09:24 So what we want to kind of lead to is an intelligent automation ecosystem. I call it an ecosystem because it just not one product that can actually solve this problem. We heard that this morning, right, when Mike from Forrester talked about adjacencies. Right? So we call it the ecosystem. You need to have multiple tools or products to solve that problem and the different types of technologies to attack that issue. Right? So if you think about human, what a human does on a computer, human actually reads stuff. Right? They actually understand things, and then they perform an action. So you need technologies that will actually help do that different actions that the human does. So you need the ecosystem for having some good dialogue. Right? So you have an informed dialogue. So today, if you go to many chatbots that’s out there, they are FAQ bots. They are pre-programmed. You just ask a question, it’ll just keep repeating the same answer. So that’s what it does. How do we actually make that intelligent? Then it needs to have relevant on-demand connections to the enterprise systems. It needs to make an action at the point of service. Right? So how do you actually make that happen? These are actually the next steps of the evolution from an automation perspective. And then how do you actually bring context and sentiment to that interaction or the transaction that’s being automated?
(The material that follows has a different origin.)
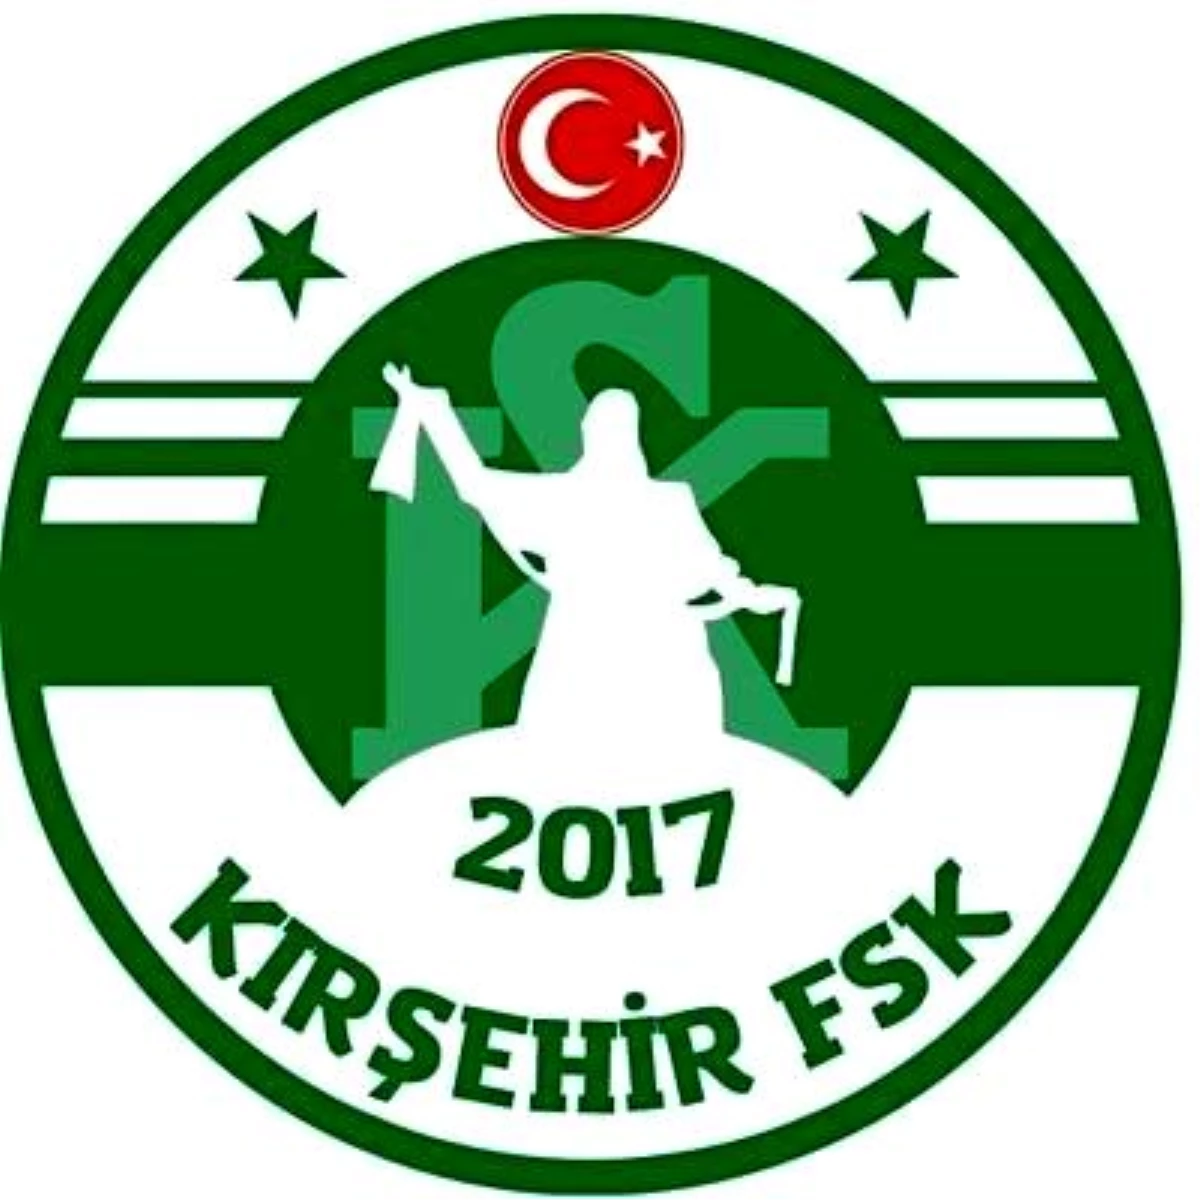 Kırşehir Futbol Kulübü İlk Maçta Mağlup Oldu

10:59 And more so – I covered this before – one of the key things of automating the ground level processes, is to collect that valuable information of how it’s being performed, what are the transformations it takes. Right? As simple as somebody entering that data, it actually creates an action, like something is happening to that after the data entry is done. Say if it’s invoice approval process or a order entry process. So from that point, how is that data kind of flows into the system? So you need to have that entire intelligence built-in. So actually, computerization of those manual processes will help us gather that data, right, to get that intelligence. And more importantly, the exceptions that’s happening. Today, humans actually make, like I said, shortcuts. There are some exceptions that are not even recorded. And in fact, the most famous field that stick in a front-office system is, other. Right? So they actually have a classifications of so many things. For every transaction type, they’ll actually have, okay, a dispute because of the reason A, reason B, reason three. Then there is, other. So people just do other because it’s easy. Do other, write a comment, and then pass a transaction through. Right? And just get an approval from a manager and get it through. And don’t we see that? Right? So when those things happen, then there’s valuable information about why are the exceptions approved is missing. Right? And if we actually automate those processes, you are forced to look at the exception parts, you are forced to make sure you select a valid reason for those exceptions or whatever actions have been taken. So these are critical things that could actually come out when we automate those processes.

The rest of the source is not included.